In late December 2024, Google released Veo 2, a powerful Video Generation model "YouTube creators are exploring the creative possibilities of video backgrounds for their YouTube Shorts, enterprise customers are enhancing creative workflows on Vertex AI and creatives are using VideoFX and ImageFX to tell their stories"
We'll explore Veo 2’s main features, highlight what sets it apart, showcase its capabilities, and explain how you can start using it with Google’s VideoFX tool.
Veo 2: state-of-the-art video generation
Veo 2 creates incredibly high-quality videos in a wide range of subjects and styles. In head-to-head comparisons judged by human raters, Veo 2 achieved state-of-the-art results against leading models.

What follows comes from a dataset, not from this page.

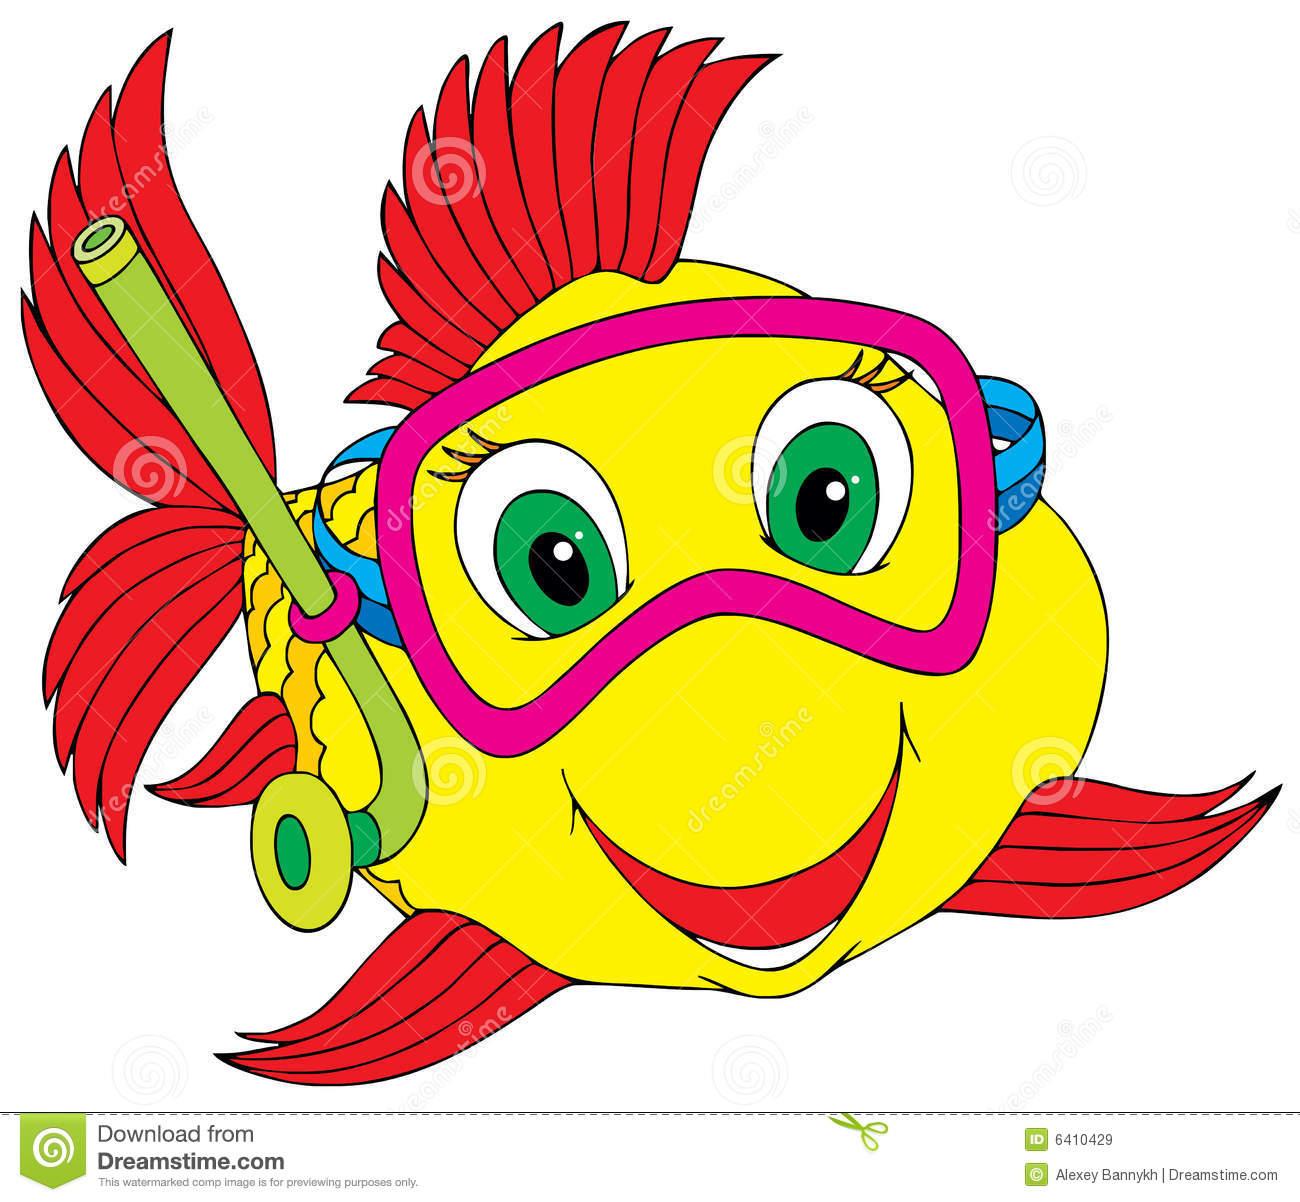 ocean fish clipart - Clipground

It supports up to 4K resolution (though current outputs are limited to 720p in the VideoFX tool).
The model can be useful for anyone needing to generate AI videos, including marketers, creators, business owners, hobbyists, and possibly professional filmmakers.

Here are some of the features that we can expect from Veo 2:
- Realistic videos: Veo 2 generates detailed videos with fewer errors than its previous version, producing realistic, lifelike visuals.
- Advanced control: Users can provide specific instructions, such as selecting lens types, camera angles, or special effects, to customize the output.
- High resolution: Veo 2 supports video generation at up to 4K resolution, though current testing is limited to 720p.
- Smooth motion: The model incorporates an understanding of real-world physics, enabling it to create natural and accurate motion in scenes.
Veo 2 can handle both simple and complex instructions while creating videos that mimic real-world physics and different artistic styles.
How to Get Started With Veo 2 on VideoFX
VideoFX is Google’s experimental platform that lets you try out Veo 2.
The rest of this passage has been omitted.